SUPPLIED RECORDS below:
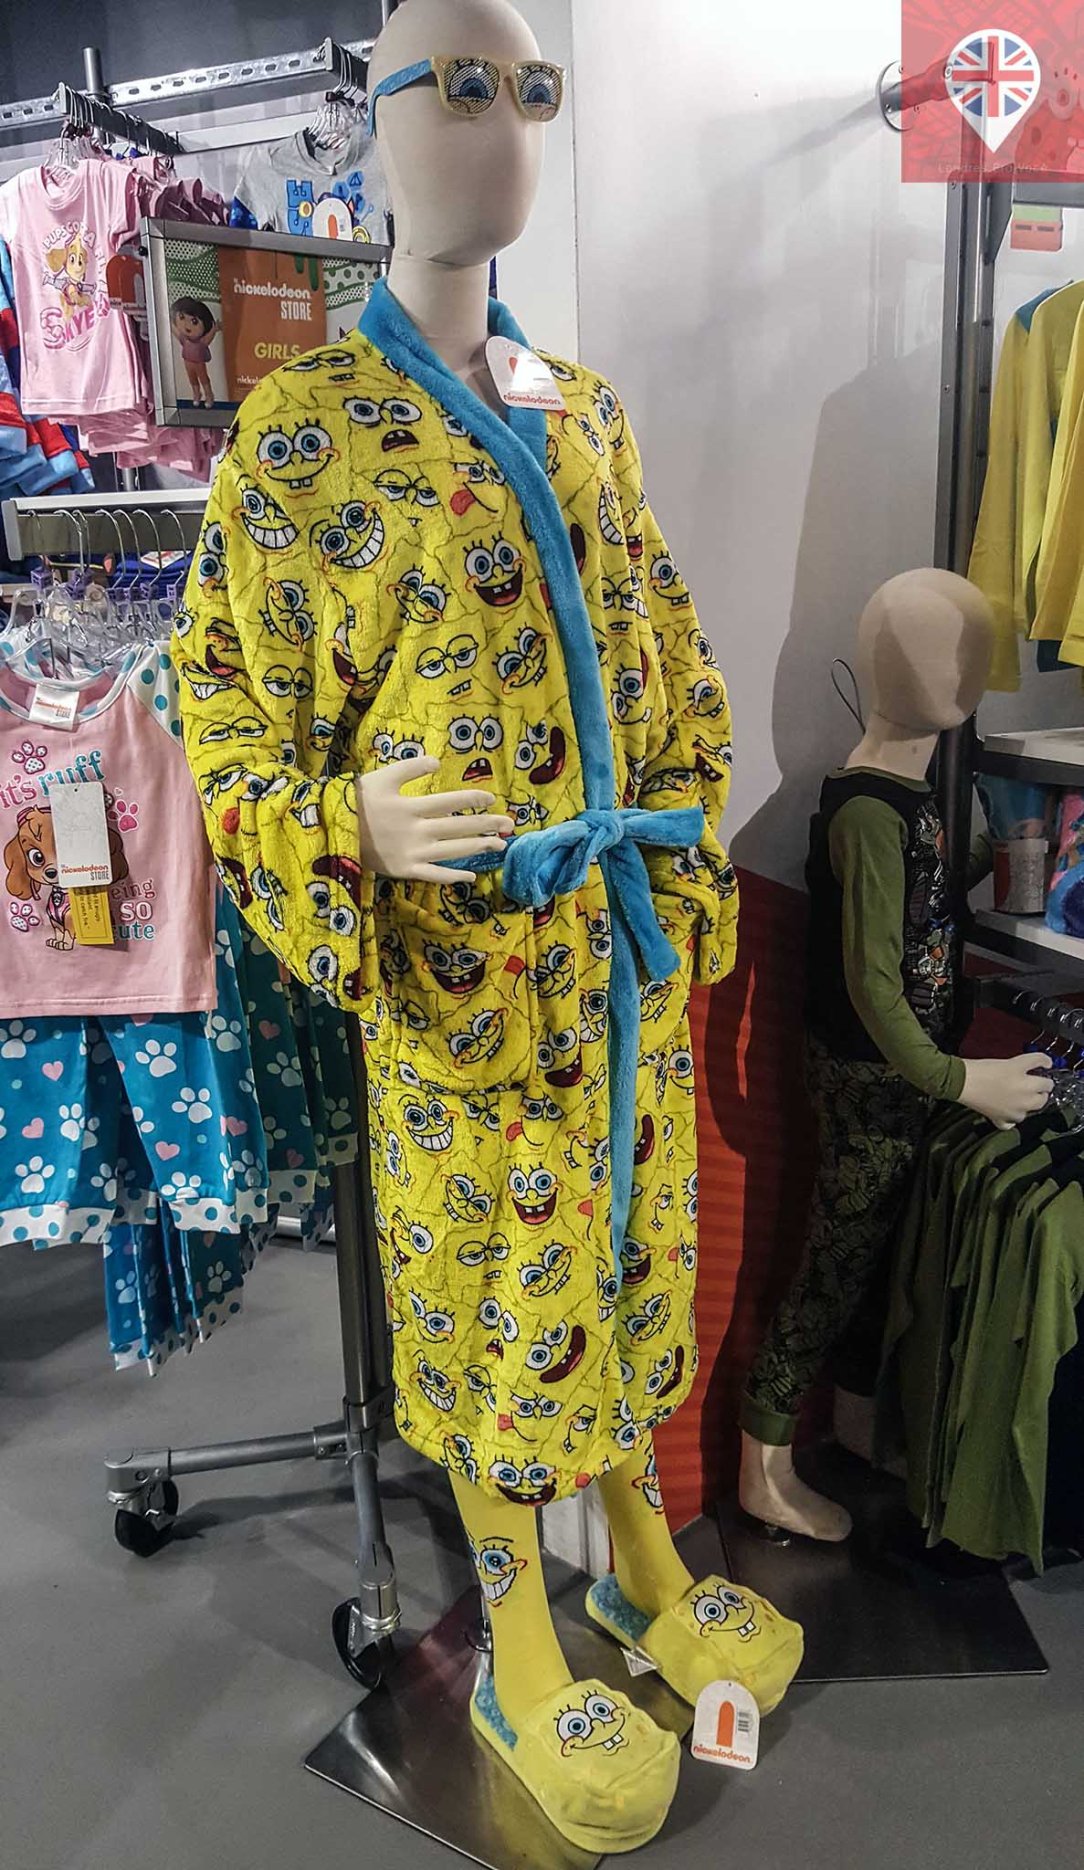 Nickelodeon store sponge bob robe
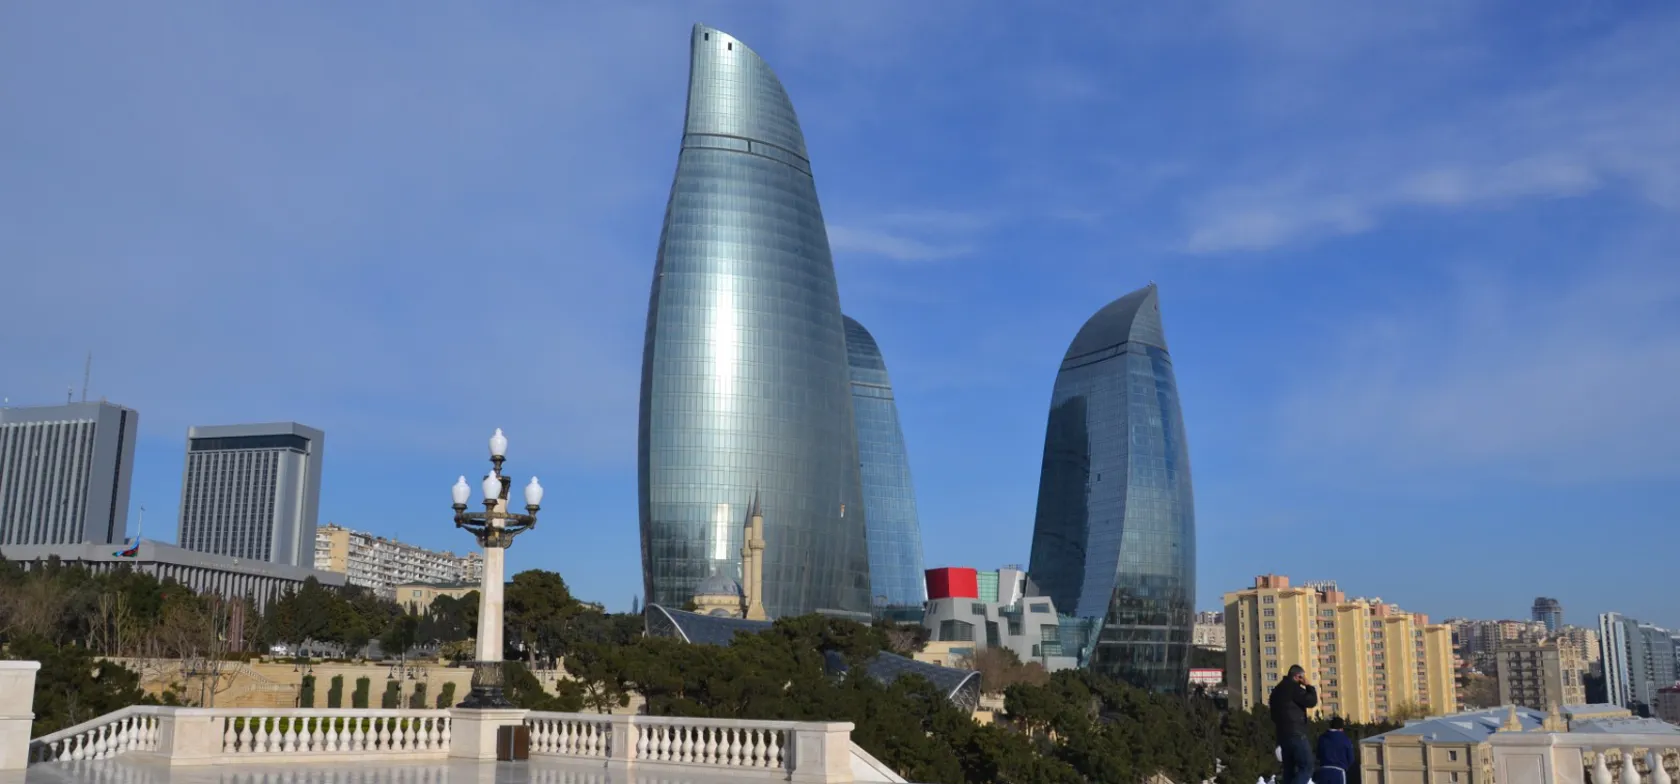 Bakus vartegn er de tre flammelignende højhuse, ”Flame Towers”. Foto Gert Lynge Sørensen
End of SUPPLIED RECORDS.
SUPPLIED RECORDS below:
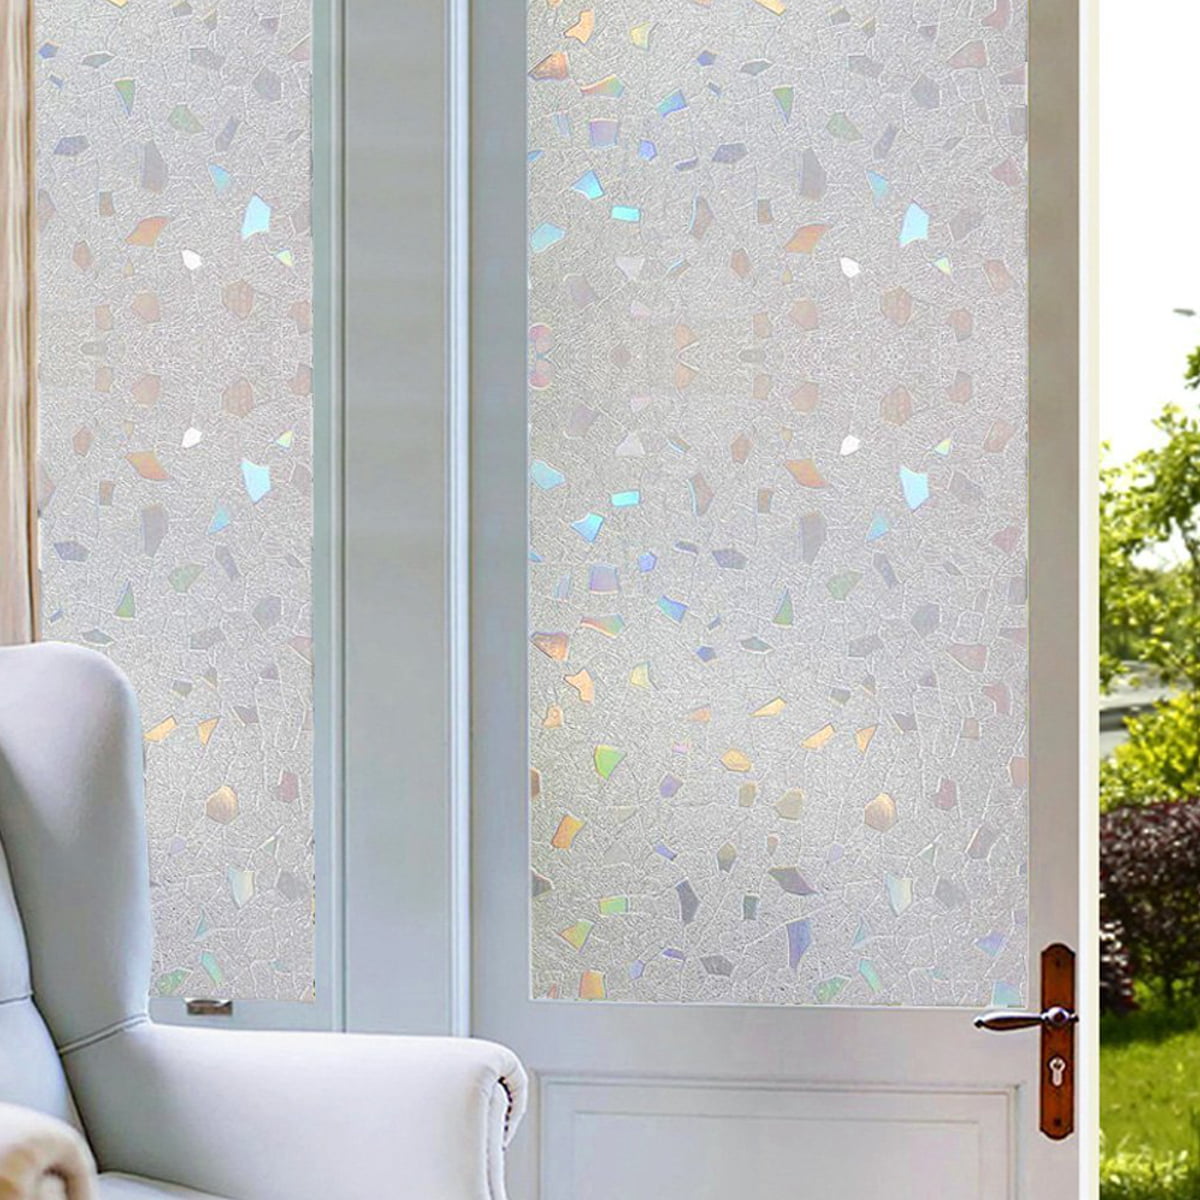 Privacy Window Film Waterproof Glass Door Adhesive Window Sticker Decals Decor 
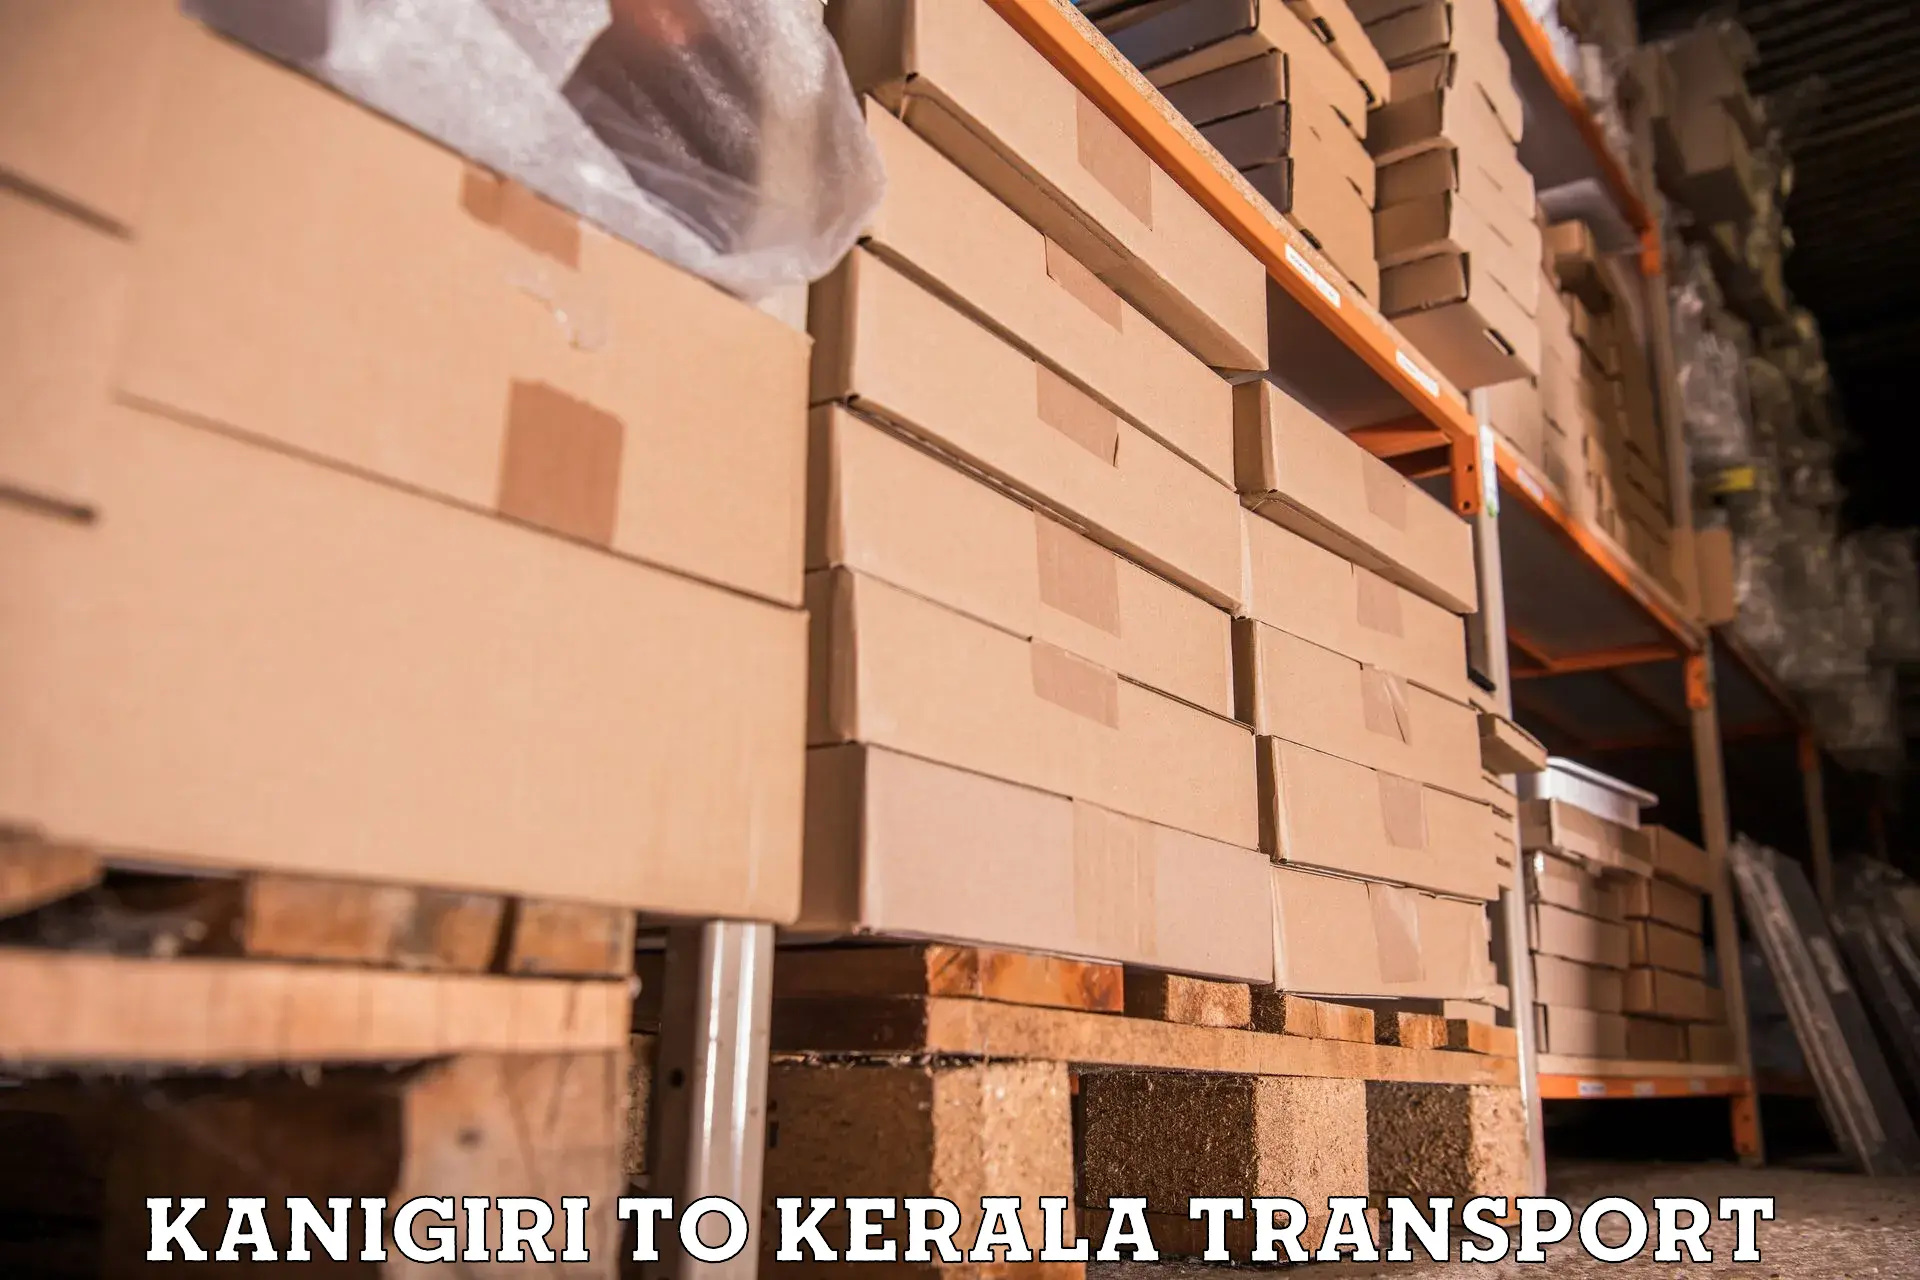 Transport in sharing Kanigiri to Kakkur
End of SUPPLIED RECORDS.
TASK ITEM: From the records above, copy exactly the lines starting at the one with "Nickelodeon store sponge bob robe" and ending at the one with "Bakus vartegn er", and no others. Pictures stay out.

YOUR RESPONSE:
 Nickelodeon store sponge bob robe
 Bakus vartegn er de tre flammelignende højhuse, ”Flame Towers”. Foto Gert Lynge Sørensen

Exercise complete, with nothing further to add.